Then $h$ is continuous on $[a, b]$ , differentiable on $(a, b)$ , and $h(a) = f(a)g(b) - g(a)f(b) = h(b)$ . By Rolle’s theorem, there exists $c \in (a, b)$ with $h'(c) = 0$ :

$f'(c)(g(b) - g(a)) = g'(c)(f(b) - f(a)).$

Since $g'(c) \neq 0$ and $g(b) - g(a) \neq 0$ , dividing gives the result.

∎

The standard MVT is the special case $g(x) = x$ . The power of Cauchy’s version is that it lets us evaluate limits of ratios — which brings us to L’Hôpital’s Rule.
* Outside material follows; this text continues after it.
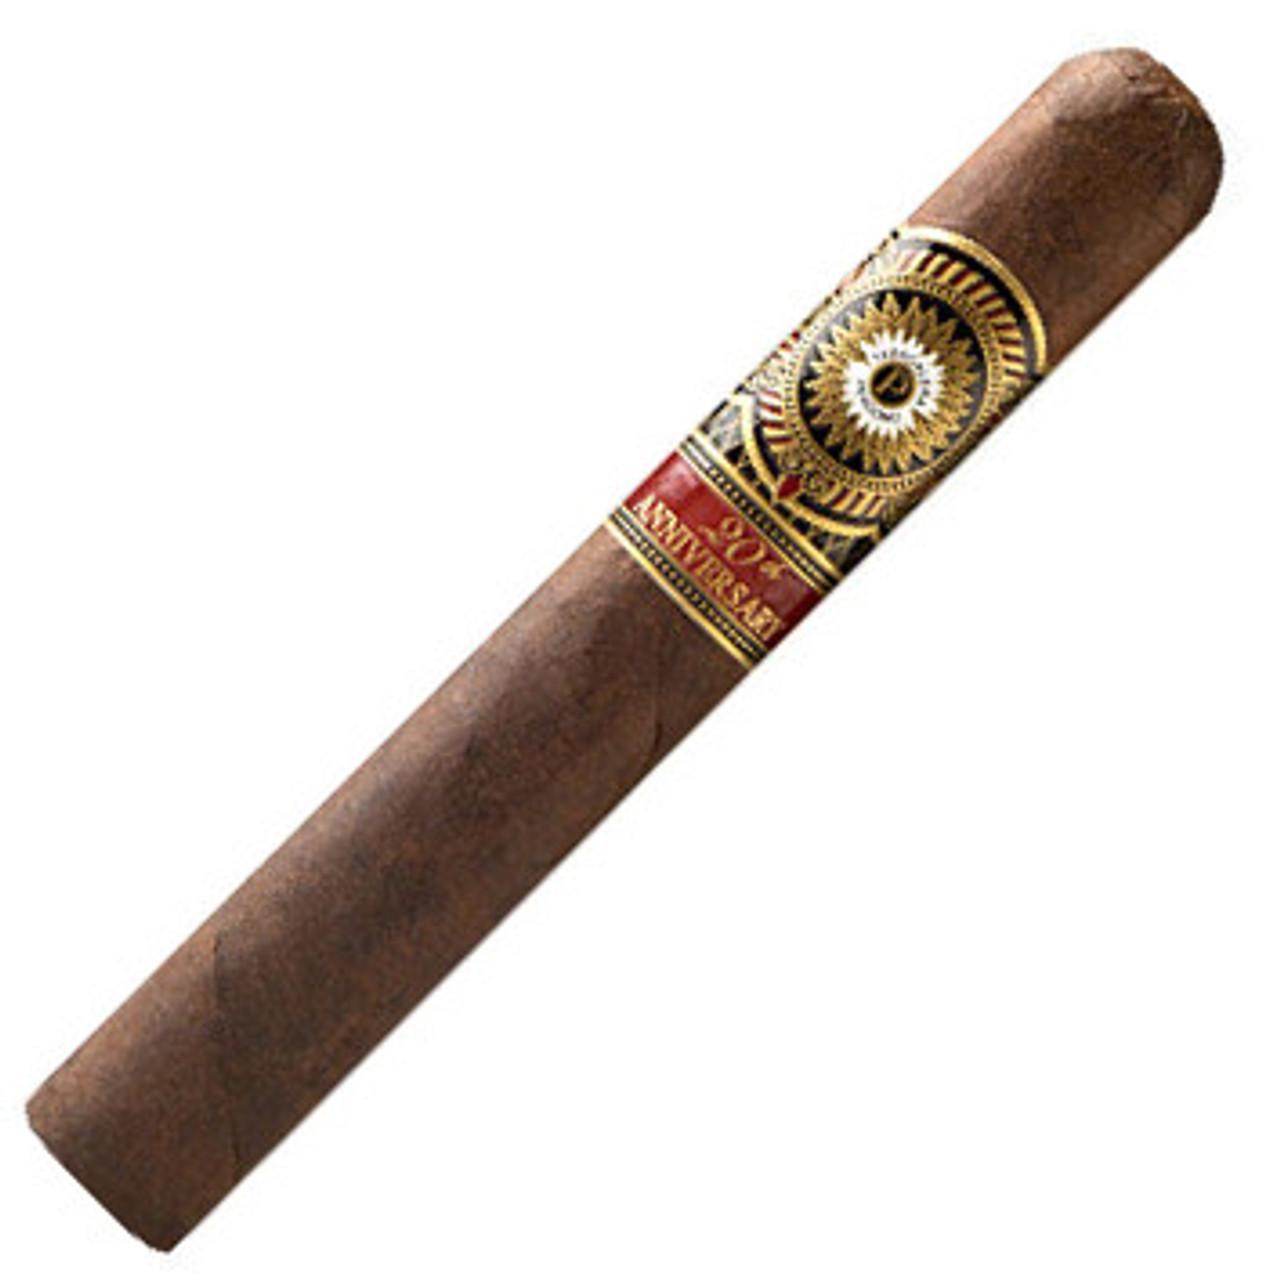 Perdomo 20th Anniversary Maduro Epicure Cigars - 6 x 56 (Box of 24)

🔷 Theorem 4 (L'Hôpital's Rule (0/0 form))

Suppose $f$ and $g$ are differentiable near $a$ (except possibly at $a$ ), with $g'(x) \neq 0$ near $a$ . If

$\lim_{x \to a} f(x) = 0 \quad \text{and} \quad \lim_{x \to a} g(x) = 0,$

and the limit $\lim_{x \to a} \frac{f'(x)}{g'(x)} = L$ exists (finite or $\pm\infty$ ), then

$\lim_{x \to a} \frac{f(x)}{g(x)} = L.$

Proof.

Define $f(a) = g(a) = 0$ so that $f$ and $g$ are continuous at $a$ . For $x$ near $a$ with $x \neq a$ , Cauchy’s MVT on $[a, x]$ (or $[x, a]$ ) gives a point $c_x$ between $a$ and $x$ with

$\frac{f(x)}{g(x)} = \frac{f(x) - f(a)}{g(x) - g(a)} = \frac{f'(c_x)}{g'(c_x)}.$

As $x \to a$ , $c_x \to a$ (squeezed between $x$ and $a$ ), so $\frac{f'(c_x)}{g'(c_x)} \to L$ .

∎

📝 Example 3 (L'Hôpital's applied: lim sin(x)/x)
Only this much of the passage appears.